INNOGEN-B AGM Agenda: Share Award Scheme, 20% Issue Mandate, Supervisory Committee Abolition

Bulletin Express06-05

Guangzhou Innogen Pharmaceutical Group Co., Ltd. (“INNOGEN-B”) has published a circular for its Annual General Meeting (AGM) scheduled on 29 June 2026 in Shanghai, detailing 17 resolutions for shareholder approval.

Key agenda items:

• 2025 Results Package Shareholders will vote on the 2025 annual report, audited consolidated financial statements, Directors’ report, Supervisory Committee report and the proposal of no dividend or capitalisation issue for FY2025, as the Company recorded no distributable profit.

• Corporate Governance Restructuring The Board proposes to abolish the Supervisory Committee and amend the Articles of Association accordingly, shifting oversight to an Audit Committee under the Board. Associated rule changes for board and general-meeting procedures are also on the ballot.

• Board and Auditor Ernst & Young is nominated for re-appointment as auditor for FY2026 with an estimated fee range of RMB2.20–2.60 million. All nine current Directors—four executive, two non-executive and three independent—are standing for re-election with unchanged annual remunerations (independent Directors: RMB240,000–440,000 each; others: nil).

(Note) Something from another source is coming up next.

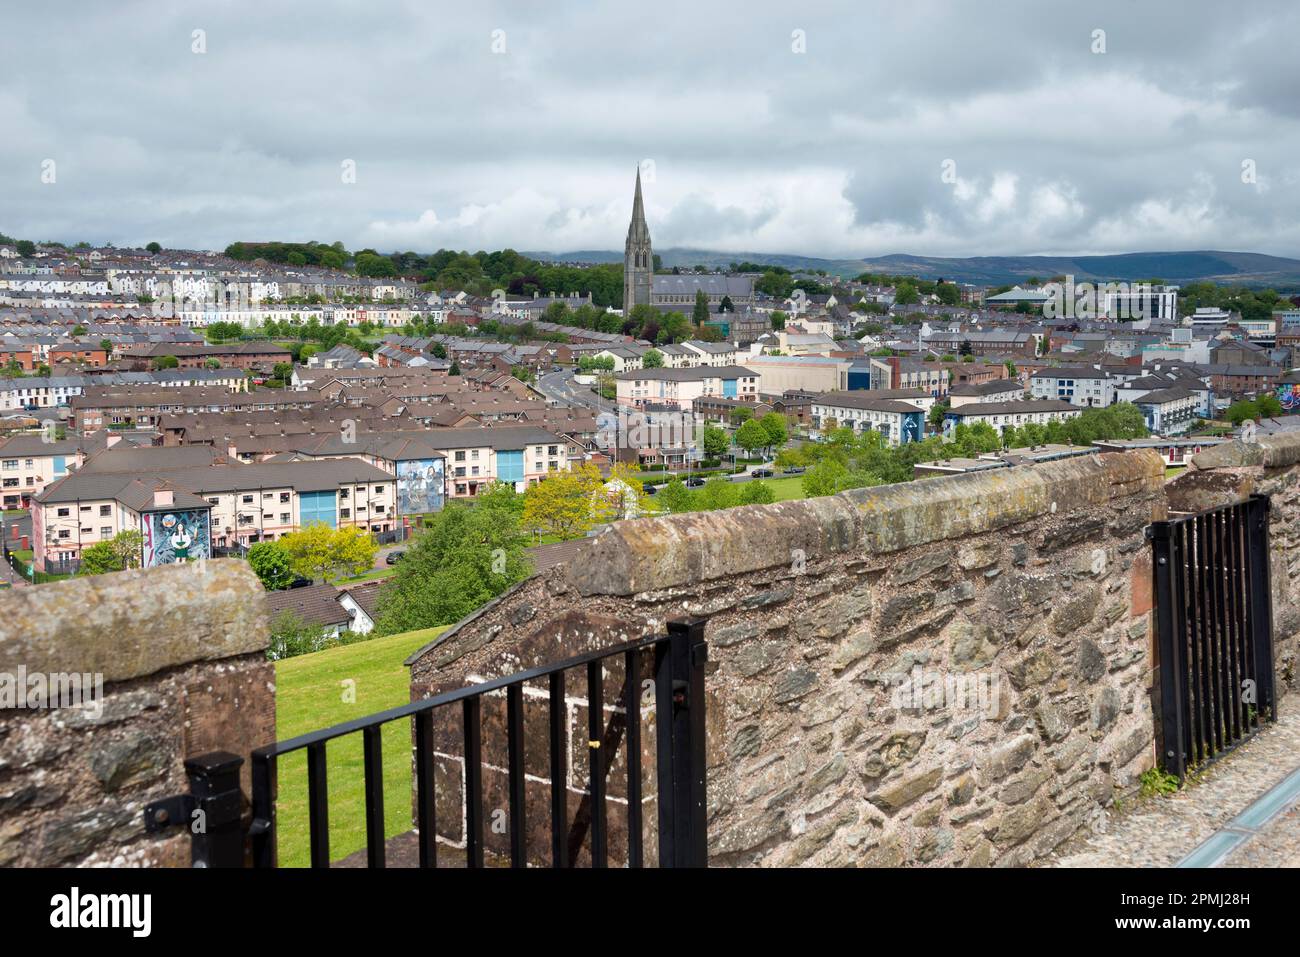 On the City Wall, Derry, Londonderry, Northern Ireland, United Kingdom Stock Photo

• Capital Management Mandates 1) 10% H-share repurchase mandate capped at 42.03 million shares. 2) 20% general issue mandate authorising the Board to allot up to 84.06 million new H shares (based on 420.29 million H shares outstanding).

• Share Award Scheme The Board seeks approval to launch a 10-year share award scheme covering employees, related entities and long-term service providers: – Scheme mandate limit: 10% of total issued shares (45.68 million shares). – Sublimit for service providers: 1% (4.57 million shares). – Awards may be satisfied by new issue, on-market purchase or transfer of treasury shares. – Vesting period generally ≥12 months; claw-back provisions apply. Shareholders will also vote to authorise the Board to administer all matters related to the scheme.

• Other Proposals – Profit distribution policy for FY2025: no dividend. – Amendments to business scope and update of certain promoter names for registration purposes. – Refresh of procedural rules for Board and general meetings.

The circular includes the formal notice of AGM and proxy arrangements; the H-share register closed 24–29 June 2026. All resolutions will be decided by poll.